SPIEGEL: The Netherlands was the world's first country to legalize active assisted suicide.
Aly: That's consistent with the country's history. The Dutch were the first modern bourgeois society in Europe. At an early date, they stressed self-determination, worldly happiness and prosperity.
SPIEGEL: Resistance against the destruction of so-called worthless life came from the church, specifically Clemens August Graf von Galen, who was bishop of (the northern German city of) Münster from 1933 to 1946. Galen was very conservative. This shows that euthanasia can hardly be associated with categories like left and right.
Aly: In the same sermon in which he denounced euthanasia as a serious crime, Count Galen also raged against premarital sex. The motives behind Galen's resistance are foreign to us today, and yet his singular, courageous resistance is worthy of admiration.
SPIEGEL: Most of us want to live autonomous lives and tolerate abortion and assisted suicide under certain circumstances. At the same time, we know that the model of perfection turns us into monsters. The church is losing influence, leaving a void where moral guidelines are concerned. Do we need new ethics?

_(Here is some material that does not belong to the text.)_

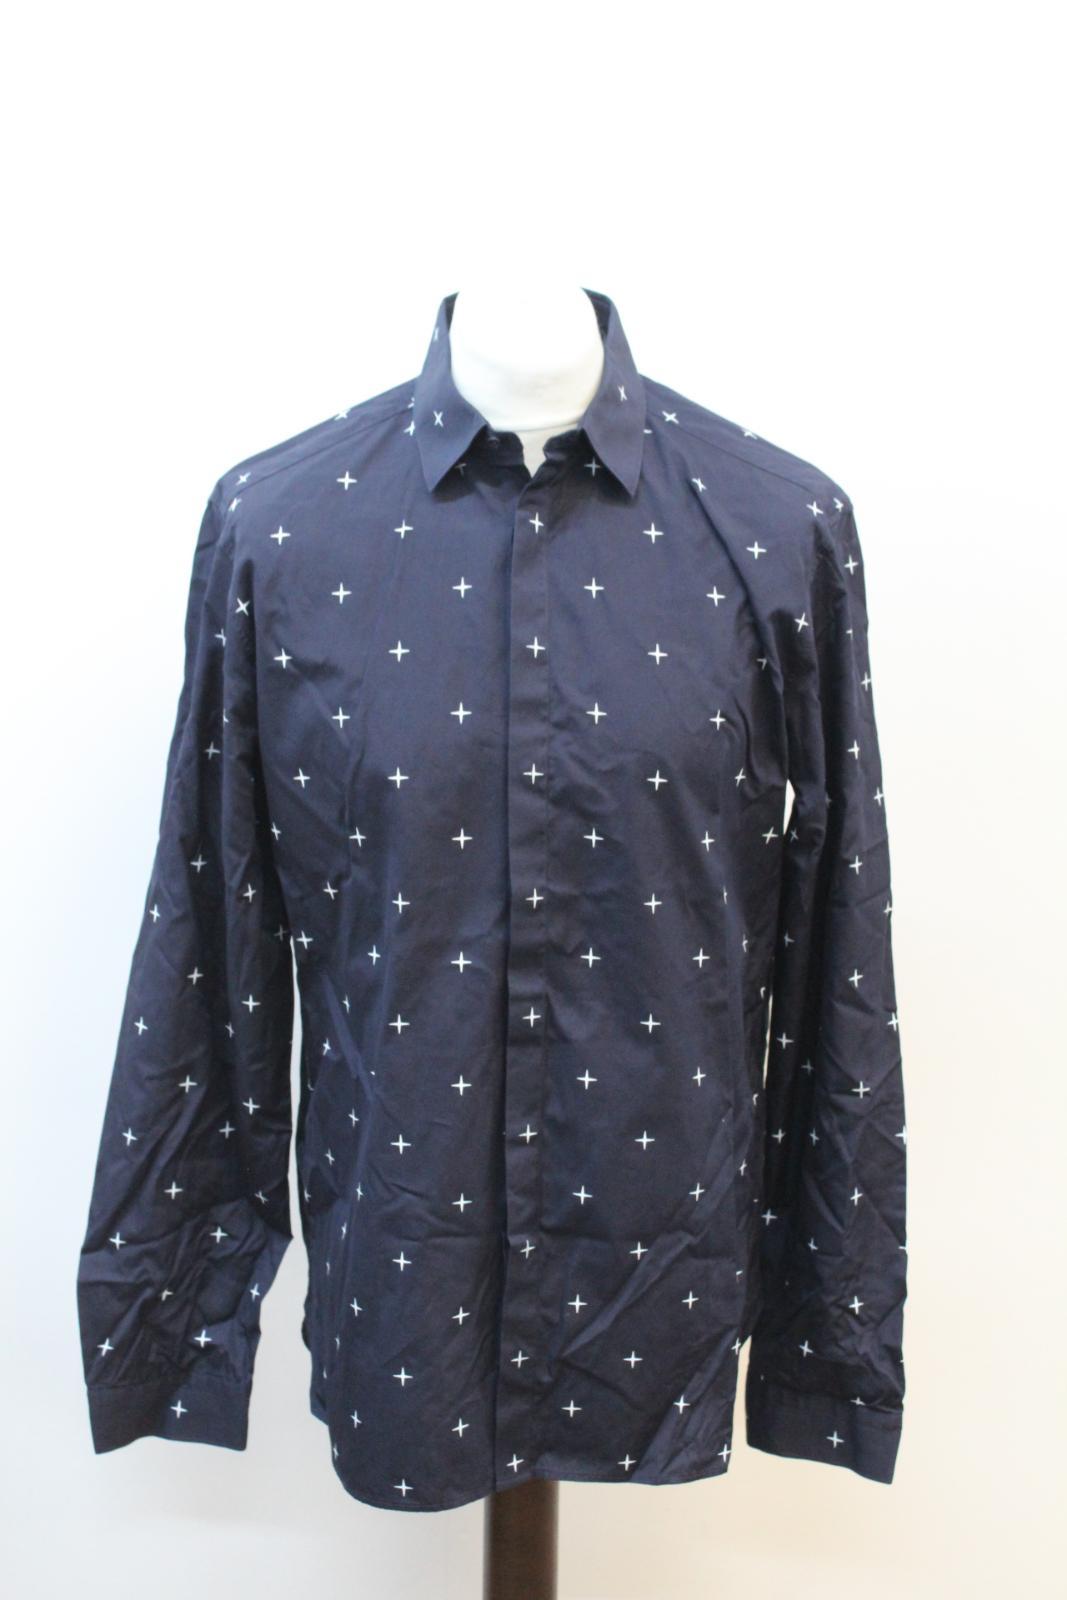 Neil-Barrett-Hombre-Azul-Marino-Blanco-Cuello-De-Camisa-formal-calce-Cruz-16-5-034-42cm miniatura 7

Aly: Yes, we have to reformulate moral standards. Human beings have to impose limits on themselves when it comes to their actions and desires. There is a beautiful and very radical notion in the bible: Man is made in the image of God, no matter how sick, poor or damaged he is. We should try to transpose this maxim to our secular and constitutional self-image.
SPIEGEL: Mr. Aly, thank you for this interview.